By Jerry Howe
One of the first pieces of legislation introduced in the Missouri Legislature this session is supposed to enhance the development of high-speed Internet access. But, in fact, if history and economic theory are any guide, the legislation will have the opposite effect.
The proposed legislation goes well beyond high-speed Internet service and will dramatically and negatively affect the entire telecommunications industry in Missouri.
House Bill 142 and Senate Bill 221 propose to roll back some of the key parts of the Telecommunications Act of 1996 by allowing SBC (formerly Southwestern Bell) to stop unbundling parts of the local regulated monopoly network that were opened to competition in 1996.
So what is unbundling? And how can it be so important to the advancement of a high-speed telecommunications infrastructure?
To understand the importance of unbundling, it is first necessary to understand that bundling is a very lethal weapon in the hands of a monopoly business and can be used to stifle competition and eliminate the consumer's right to choose.
SBC has a long history of bundling as many services as possible into its local telephone monopoly for as long as the law would allow. That monopoly control was eliminated only after long and bitter legal battles with the government, which was trying to foster competition.
The first significant win in unbundling the Bell monopoly came with the deregulation of telephone equipment. Prior to 1968, Bell forced its customers to rent telephones with their local monopoly service. Once the public won the court battle in the Carterphone case, the competitive telephone equipment market was born. The result is a highly competitive industry today that allows a consumer to walk into any retail outlet and purchase a telephone for as low as $9.99.
Similarly in 1982, again after a long legal battle, the Department of Justice and the Bell system agreed to unbundle long-distance service from the local telephone monopoly. AT&T's interstate long-distance business was separated from the local Bell telephone monopolies. The impact on the long-distance industry and the economy has been astounding.
In 1984, the average rate for an interstate/international long-distance call was 32 cents, and AT&T's market share was 90 percent. Today, as a result of the unbundling of Bell's long-distance business from the local telephone monopoly, AT&T's market share has fallen to 38 percent as competition has flourished and has driven down the price of an interstate/international long distance call to 12 cents.

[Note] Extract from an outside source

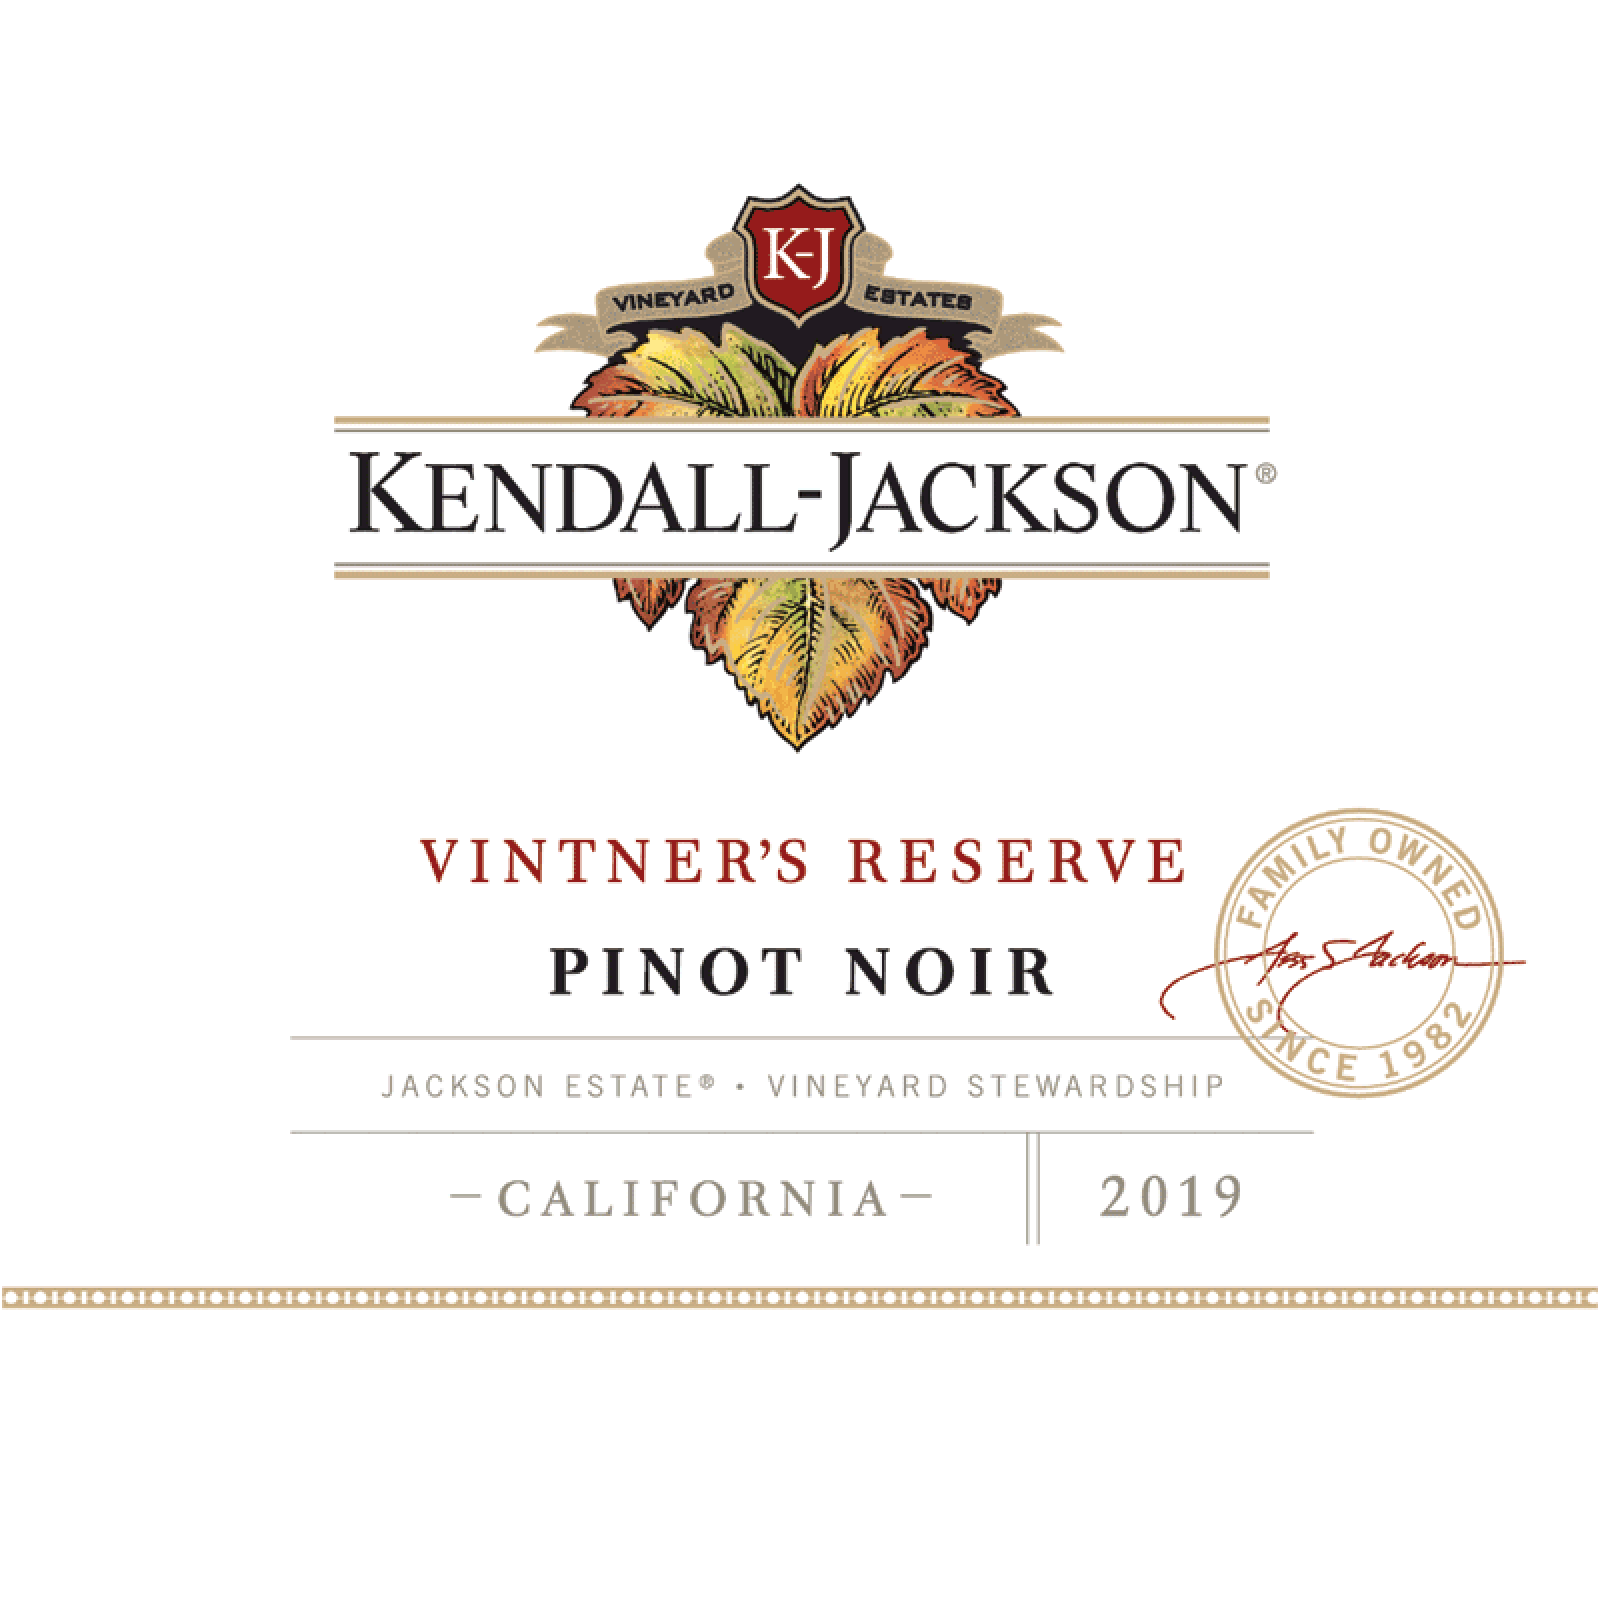 Kendall-Jackson Vintner's Reserve Pinot Noir 2019

The impact on economic development resulting from these changes has been even more stunning, driven by the jobs created by the 900 new companies that entered the long-distance industry. This more competitive environment brought new services at lower prices that drove the gargantuan increase in annual long-distance minutes to 540 billion minutes in 2001 from just under 150 billion in 1984.
It is worth noting that the 1996 Telecommunications Act allowed Southwestern Bell back into the interstate long-distance business when, and if, they successfully opened the local monopoly telephone networks to competitors. After six long years, Southwestern Bell was authorized to offer interstate long-distance service in Missouri. Now, just six months later, legislators are debating the retraction of some of the pro-competitive conditions that were necessary to allow Bell's re-entry into long distance.
To think that a re-bundling of the high-speed elements of the local telephone monopoly network will have a favorable impact on the development of an industry certainly runs contrary to history and basic economic theory. Passage of these bills is not in the best interest of Missouri citizens. SBC will continue to employ fewer and fewer Missourians, and the economic development generated by the new competition will be lost.
Jerry Howe is CEO of Big River Telephone Co. based in Cape Girardeau.